PROVIDED DATA:
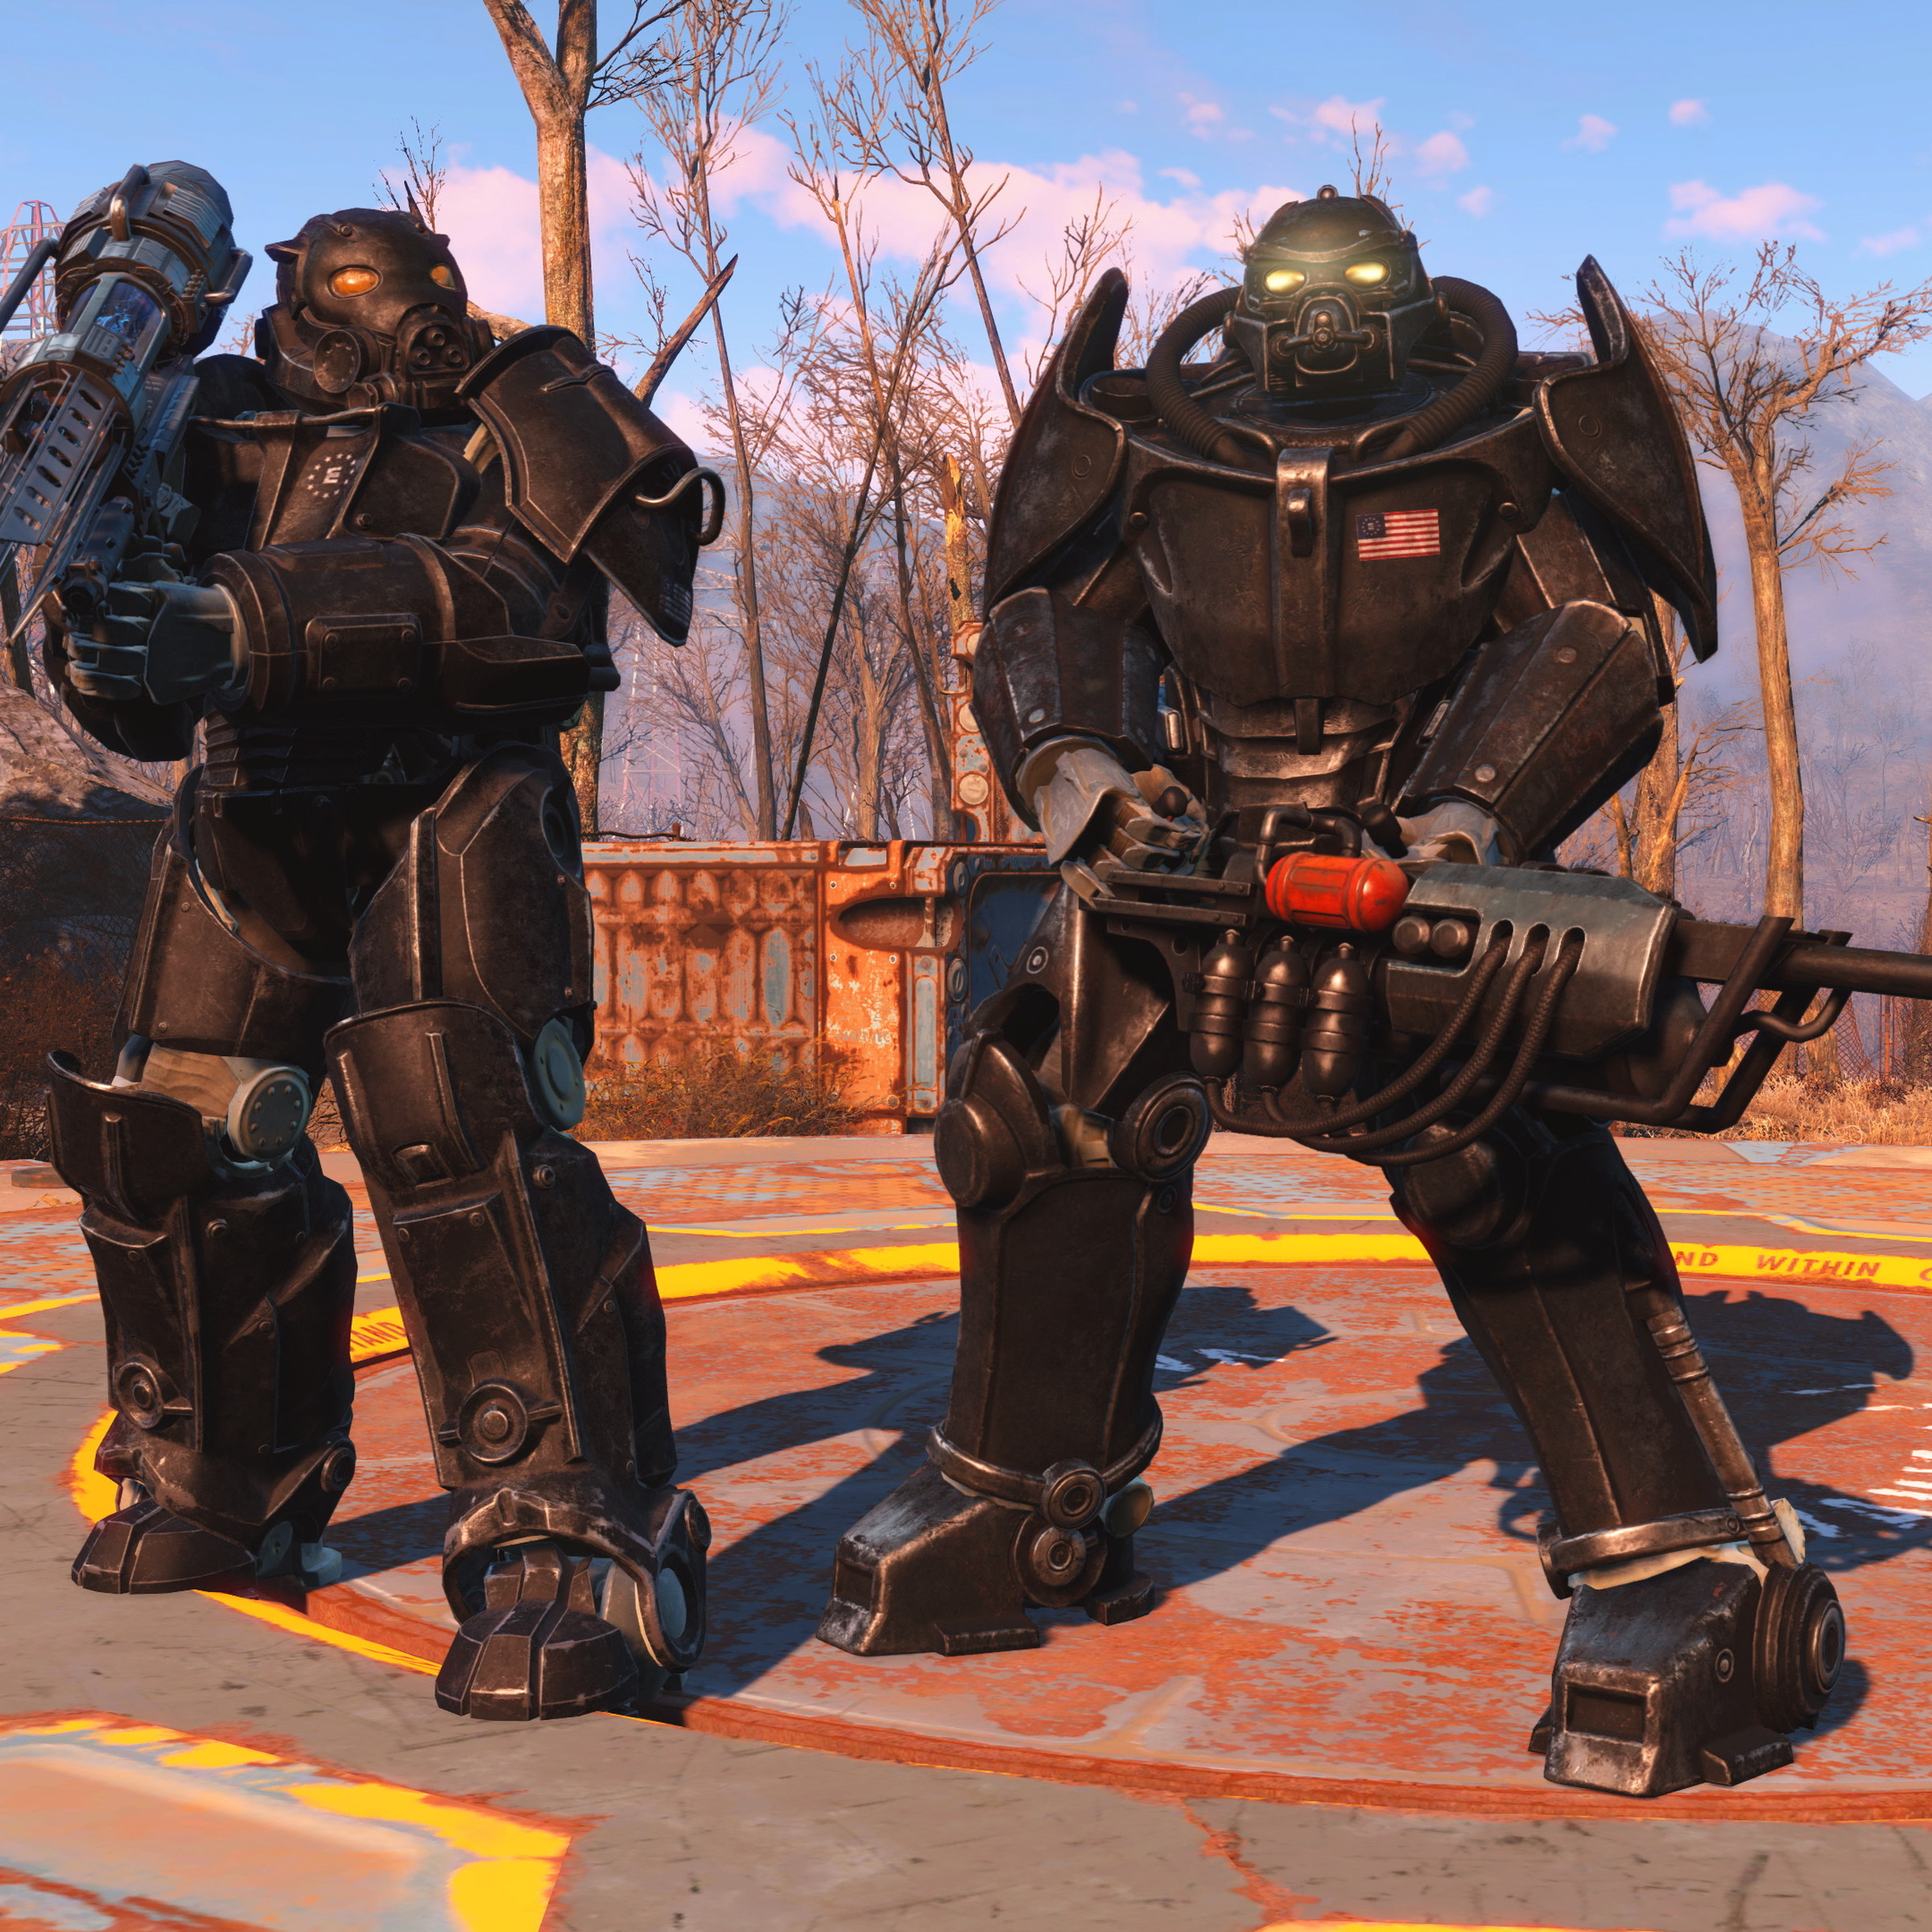 Screenshot from Fallout 4 featuring two characters in power armor.
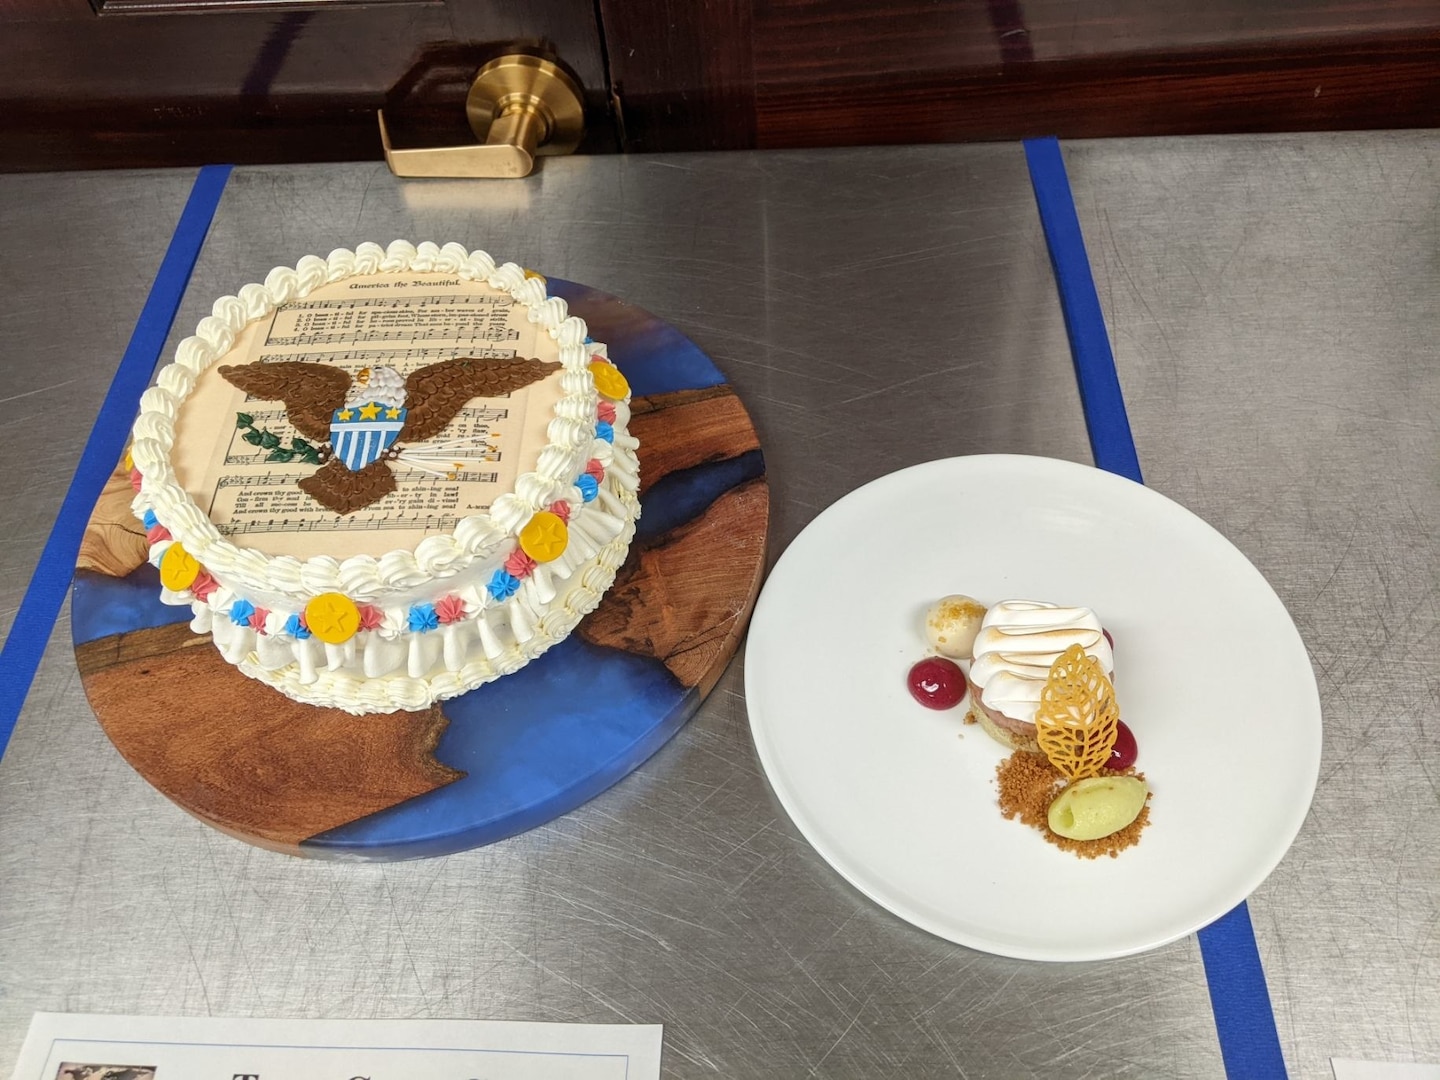 The winning pastry dishes, created by Chief Petty Officer Matthew Shaw, March 10, 2022. Shaw won the gold medal in the Military Pastry Chef of the Year category after creating celebration cake, named Vintage American, and four plates of the apple pie and cheese dish within three hours. USCG photo.
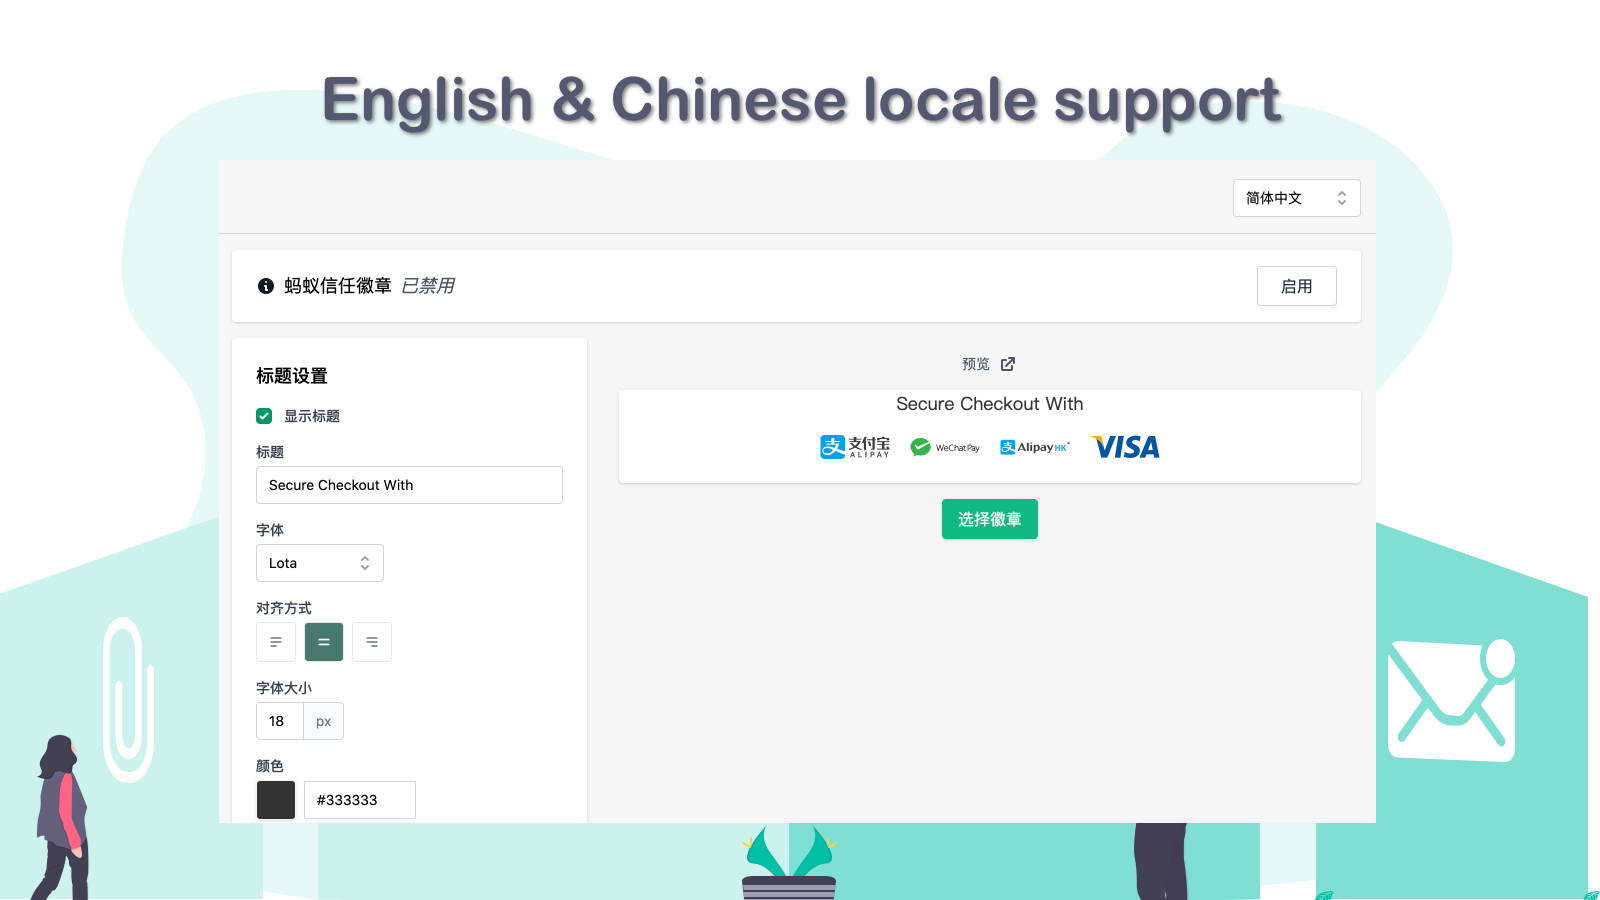 English & Chinese locale support

REQUIRED ACTION: From start to finish, output the listing exactly, but omit its pictures.

ANSWER SPACE:
 Screenshot from Fallout 4 featuring two characters in power armor.
 The winning pastry dishes, created by Chief Petty Officer Matthew Shaw, March 10, 2022. Shaw won the gold medal in the Military Pastry Chef of the Year category after creating celebration cake, named Vintage American, and four plates of the apple pie and cheese dish within three hours. USCG photo.
 English & Chinese locale support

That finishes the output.